■ RECORDED DATA:
══════════

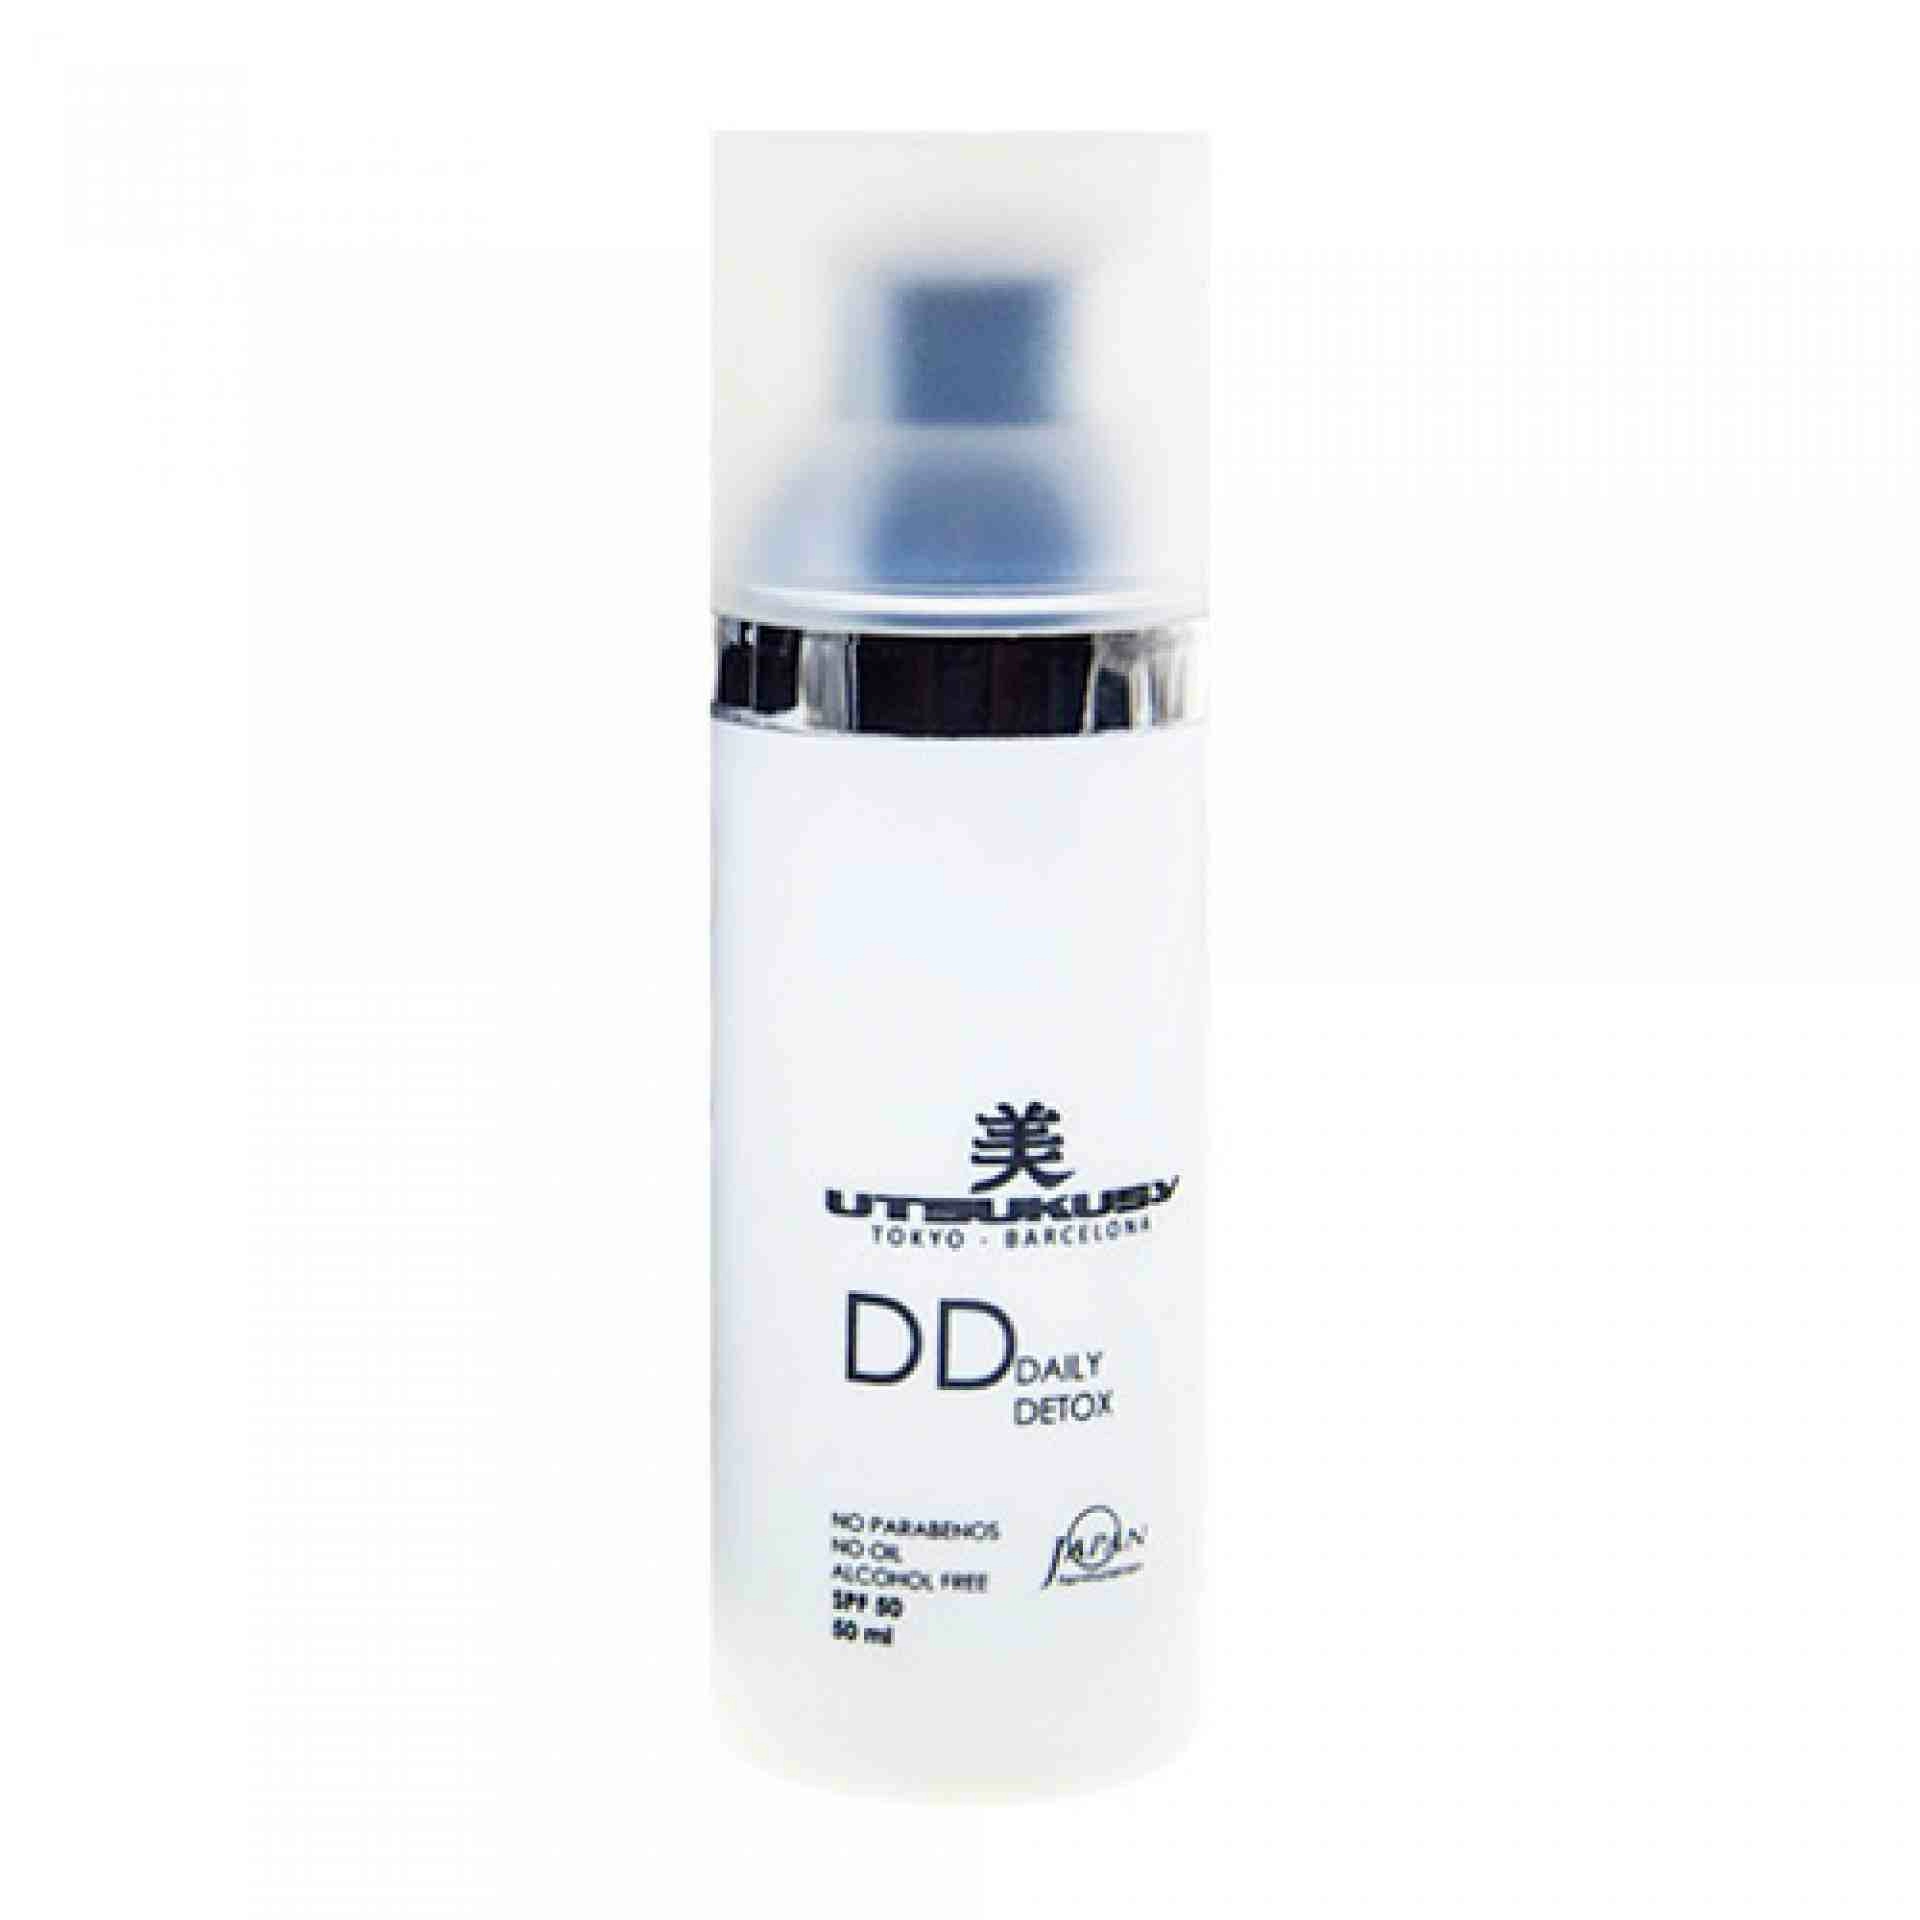 DD Cream 50ml | Crema tono oscuro - Utsukusy ®
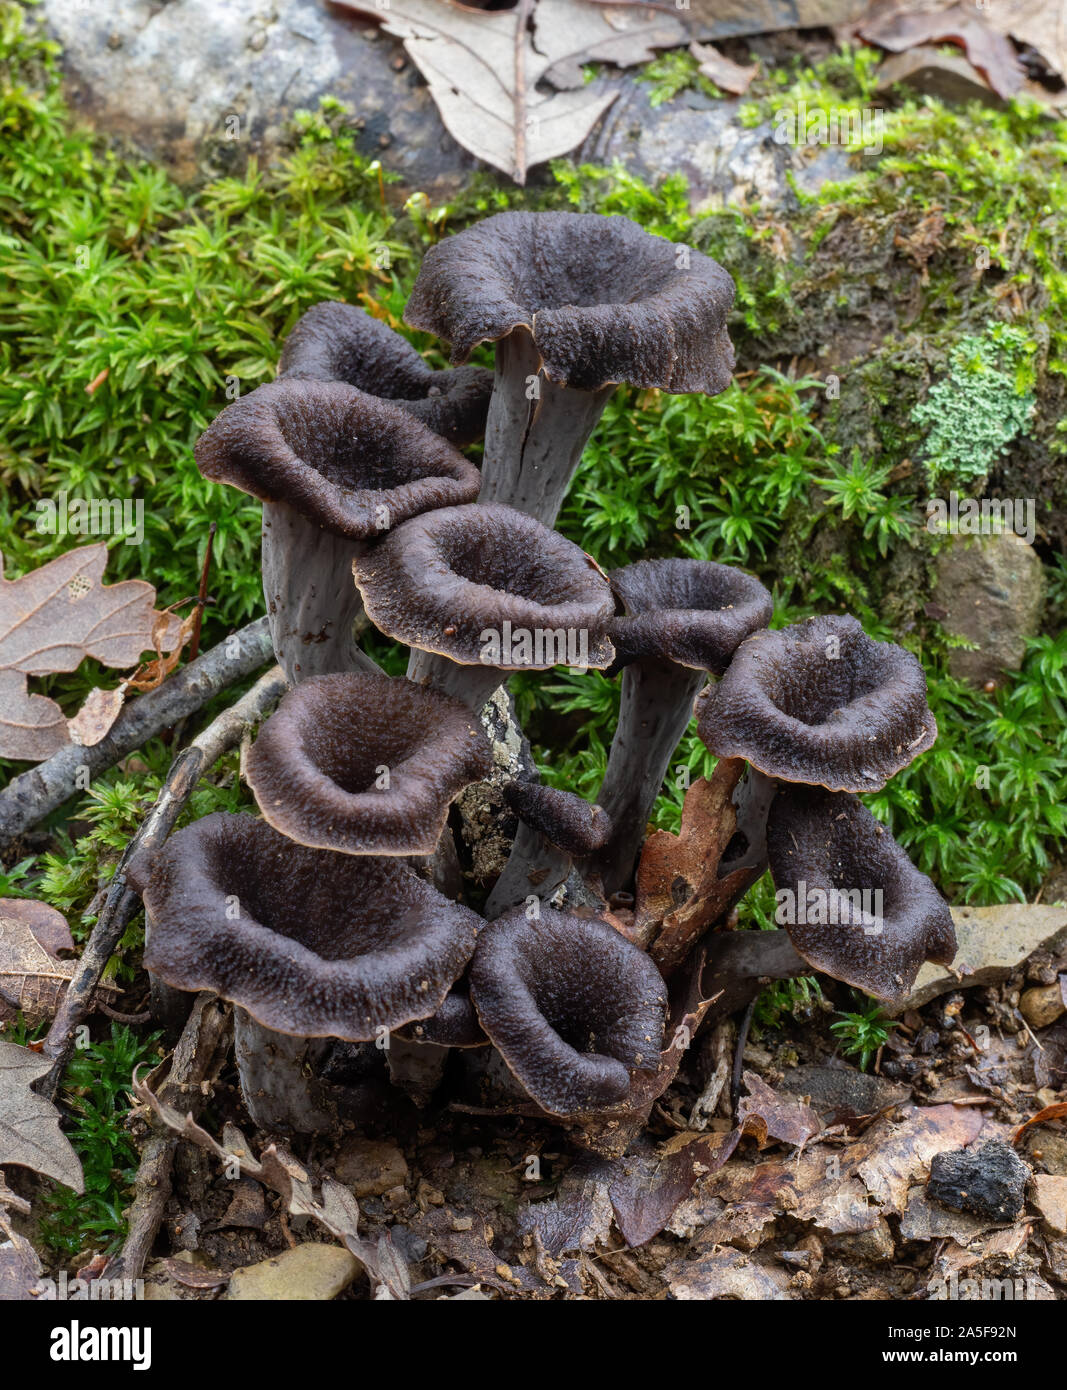 Craterellus cornucopioides i funghi commestibili che crescono in natura.  Aka corno dell'abbondanza, chanterelle nero, nero tromba etc Foto stock -  Alamy
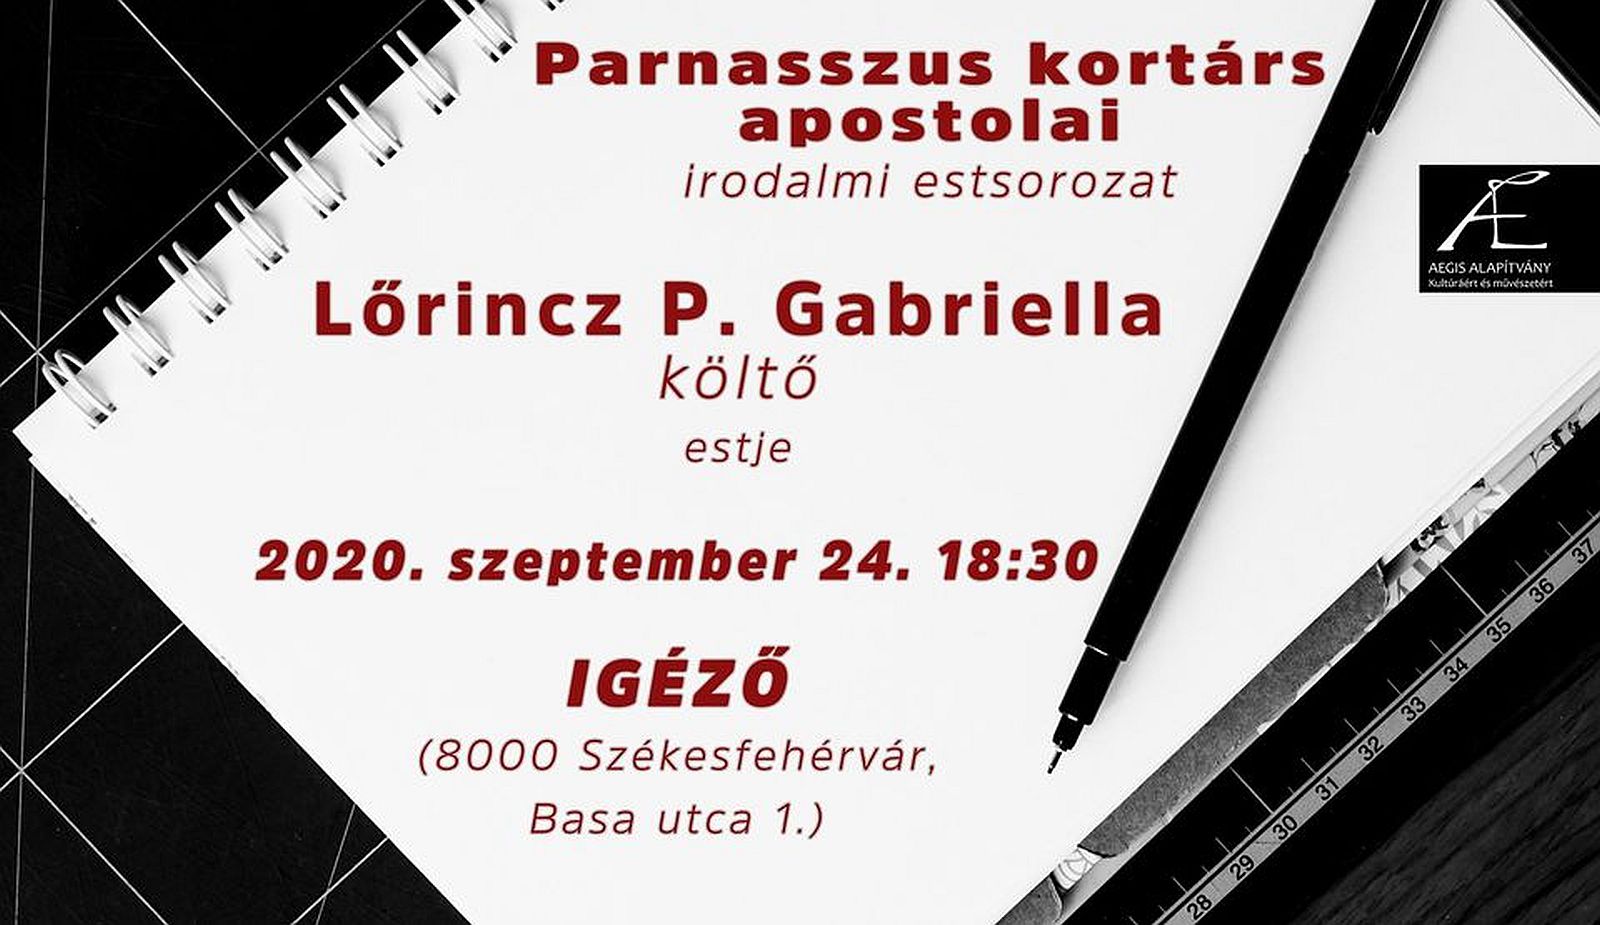 A Parnasszus kortárs apostolai - Lőrincz P. Gabriella lesz a vendég csütörtökön az Igézőben
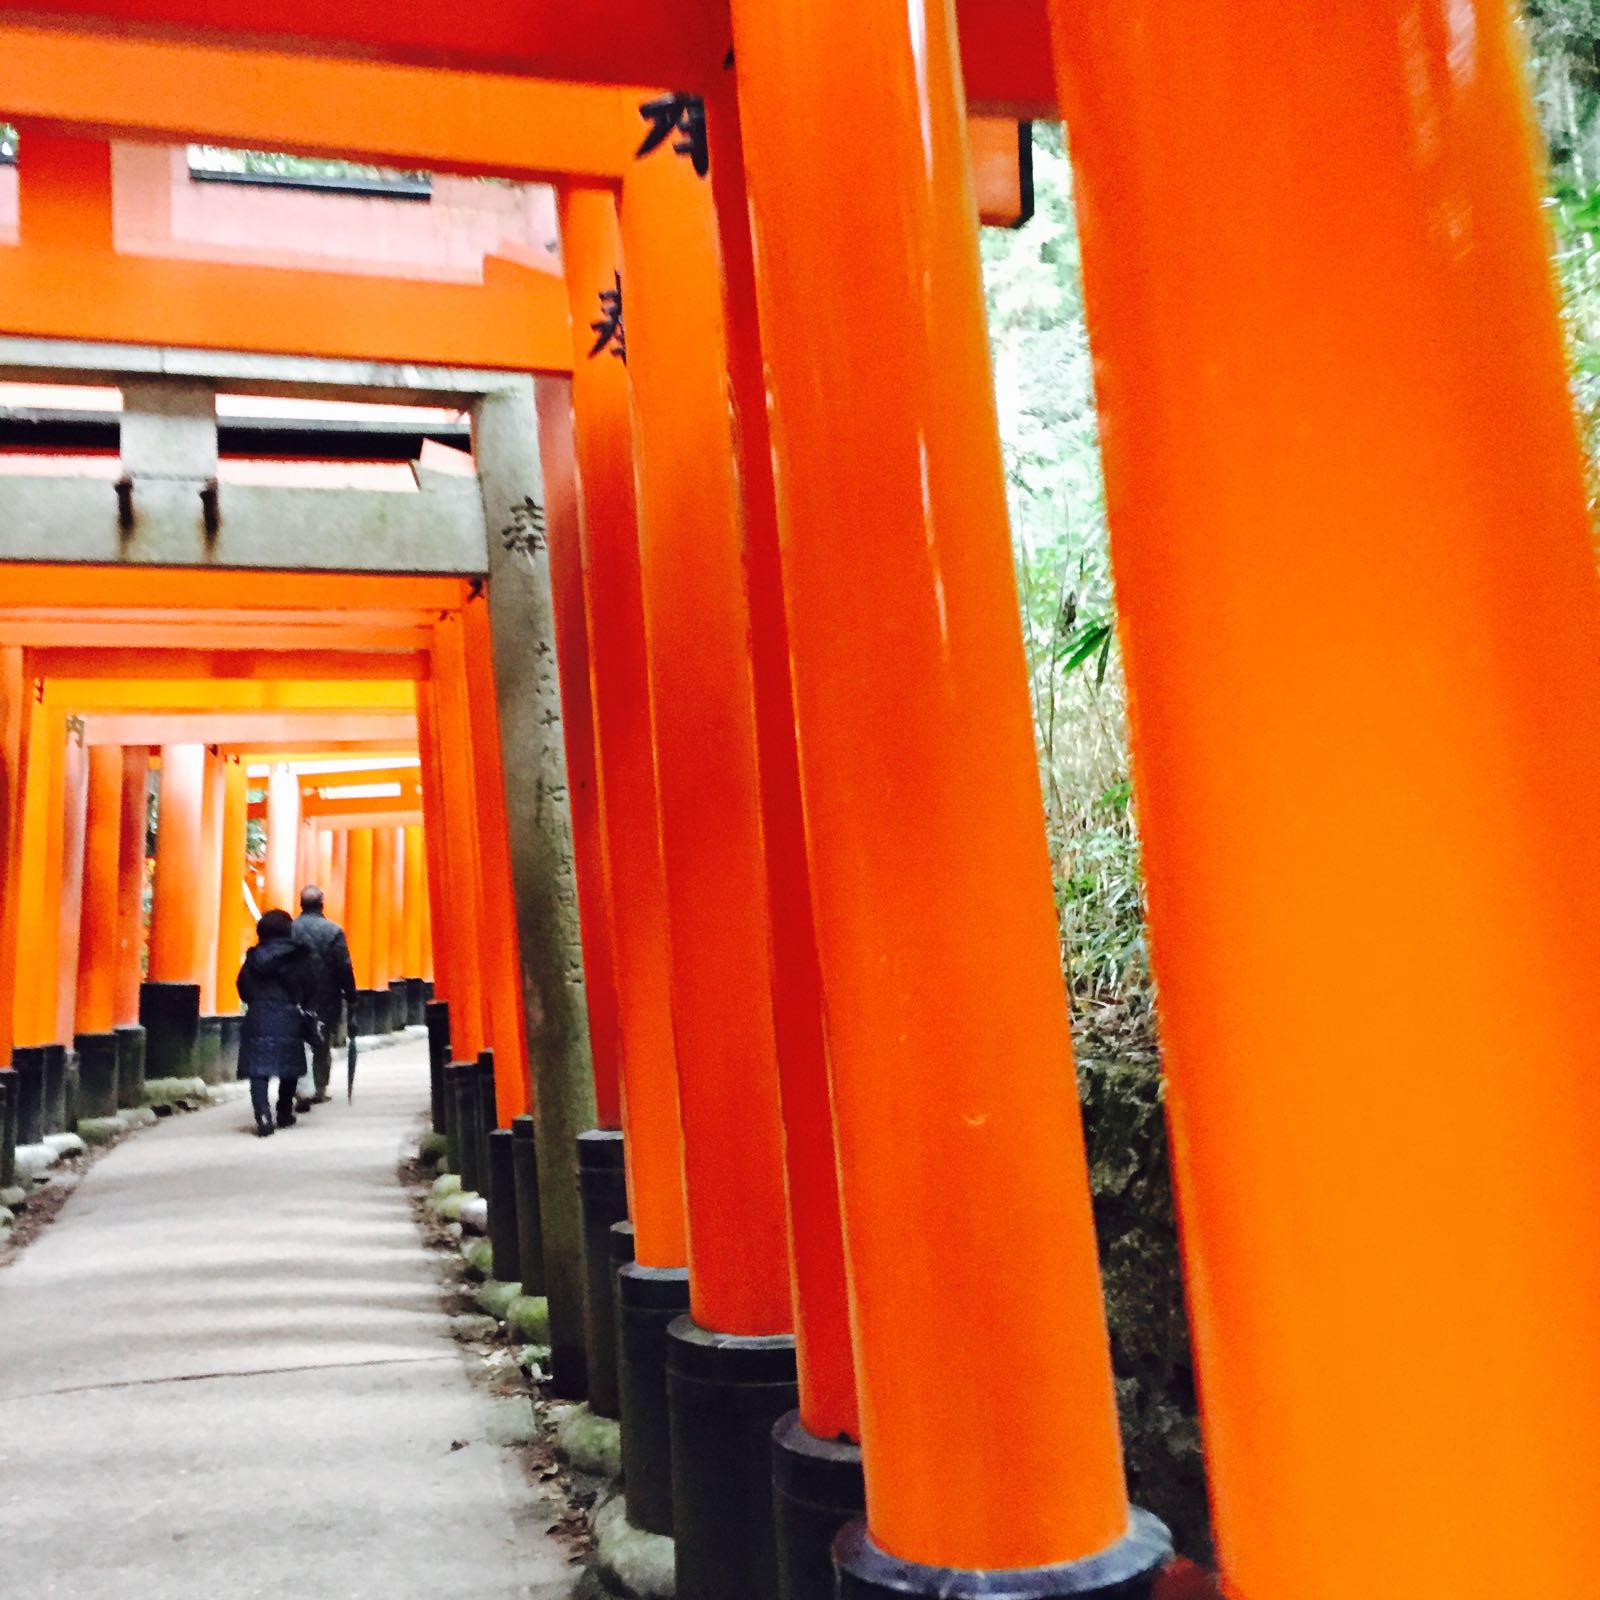 伏见稻荷神社是京都最有名的神社了，以层层千鸟居著称。 实际地理位置不在

══════════

■ WHAT IS NEEDED: Output each line exactly as shown above; no pictures go in the copy.

■ EXERCISE SOLUTION:
 DD Cream 50ml | Crema tono oscuro - Utsukusy ®
 Craterellus cornucopioides i funghi commestibili che crescono in natura.  Aka corno dell'abbondanza, chanterelle nero, nero tromba etc Foto stock -  Alamy
 A Parnasszus kortárs apostolai - Lőrincz P. Gabriella lesz a vendég csütörtökön az Igézőben
 伏见稻荷神社是京都最有名的神社了，以层层千鸟居著称。 实际地理位置不在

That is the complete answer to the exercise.